Marxist and cultural theorist Frederic Jameson spoke of the rise of the “Nostalgia” film and postmodernist movies such as Star Wars (1977) and American Graffiti (1973) in his seminal essay aforementioned above. The Nostalgia film harks back and references the past drawing influences not from reality but rather cultural artefacts such as films, comics, radio, TV and music etc. Guardians of the Galaxy involves an orphaned hero — with mysterious father — who must do battle against an evil empire, save a “damsel” in distress, all the while accompanied by a motley crue of intergalactic misfits. Sound at all familiar? Yes, finally the kids of today have their Star Wars.
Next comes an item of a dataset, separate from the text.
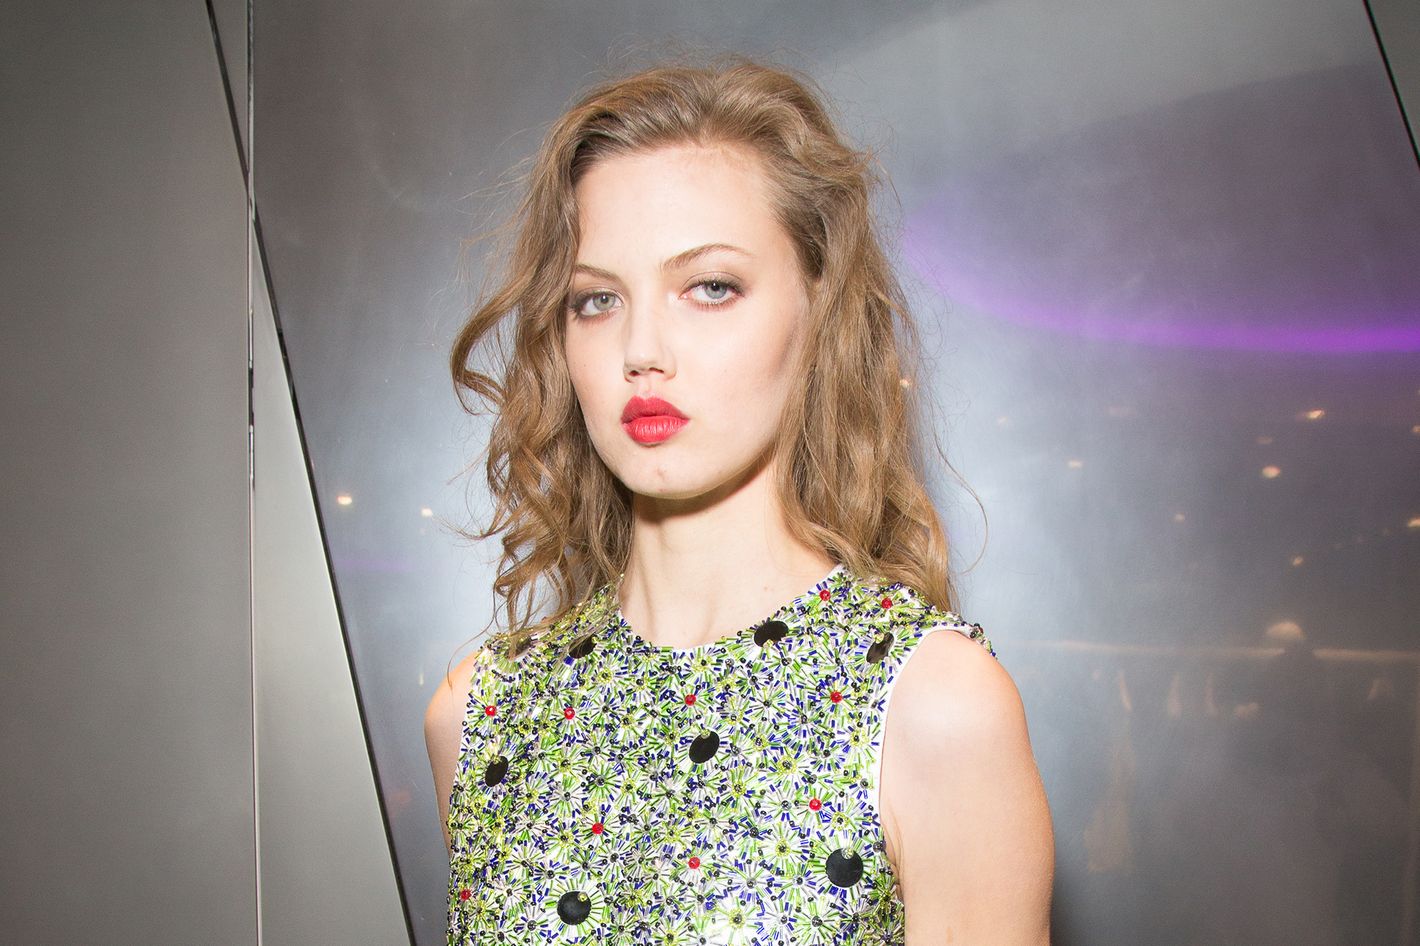 Model Lindsey Wixson Says Uber Driver Objectified Her
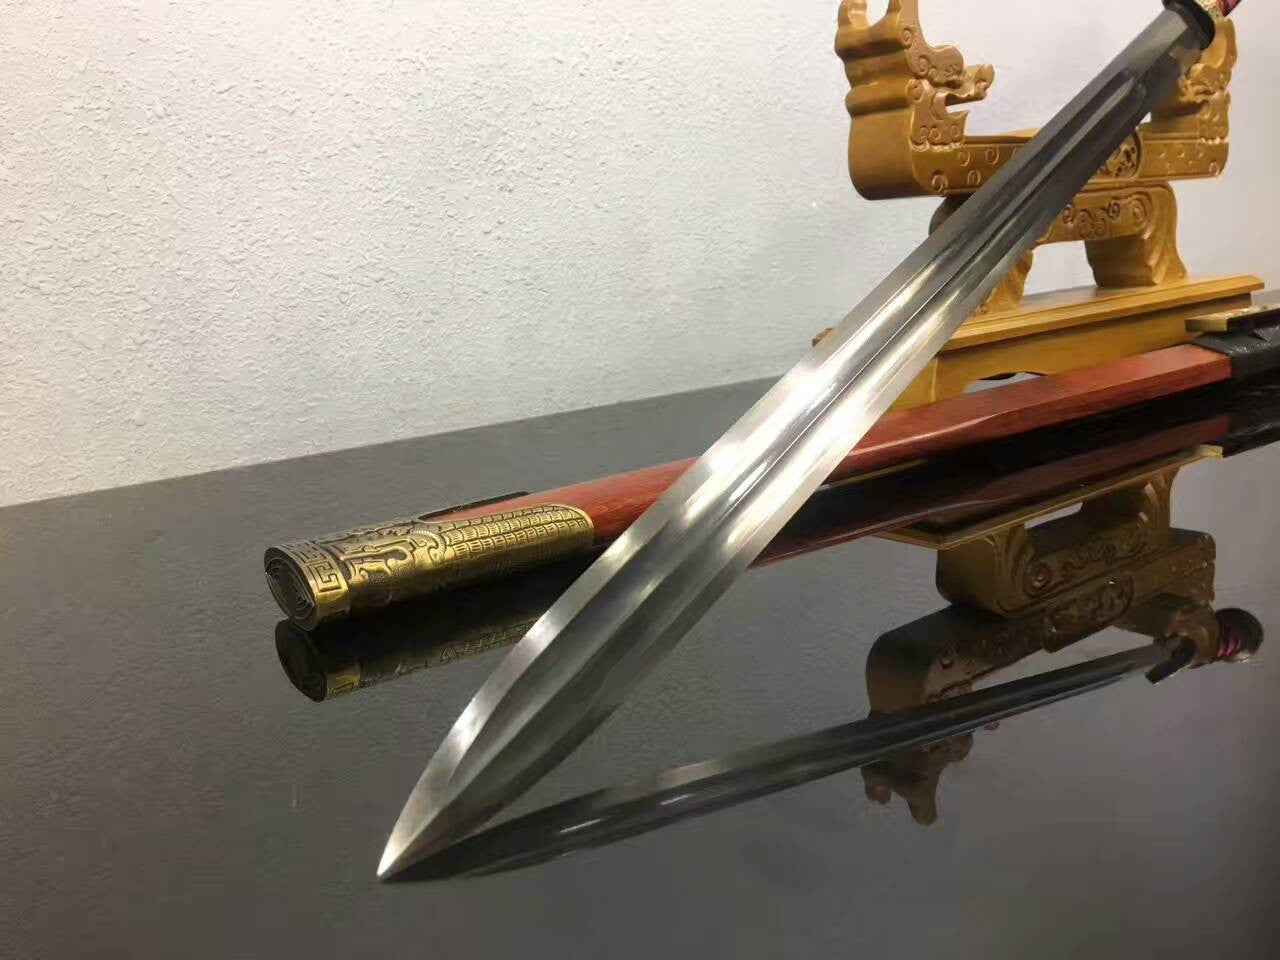 Chinese sword,Han jian(Folding steel blade,Redwood scabbard,Alloy fitted)Length 41" - Chinese sword shop

They have a new hope, kind of; a pastiche of a pastiche of a pastiche based solely on the cultural fossils of yesteryear.
Watching this film on IMAX 3D at Wimbledon Odeon Screen 4 (my favourite cinema screen by the way) made me feel nostalgic in so many ways. It felt more like the comic books I read as a child than any film I’ve seen recently. Further, I felt a surge of history as the film opened taking me back to 1977 when my Dad took me to see Star Wars (1977). I recall the massive queues waiting to go see Lucas’ classic and the giddiness and excitement I felt as a youth rushed through me; even more so when the film started and my consciousness was treated to one impressive set-piece after another. I felt young again and all because of a movie!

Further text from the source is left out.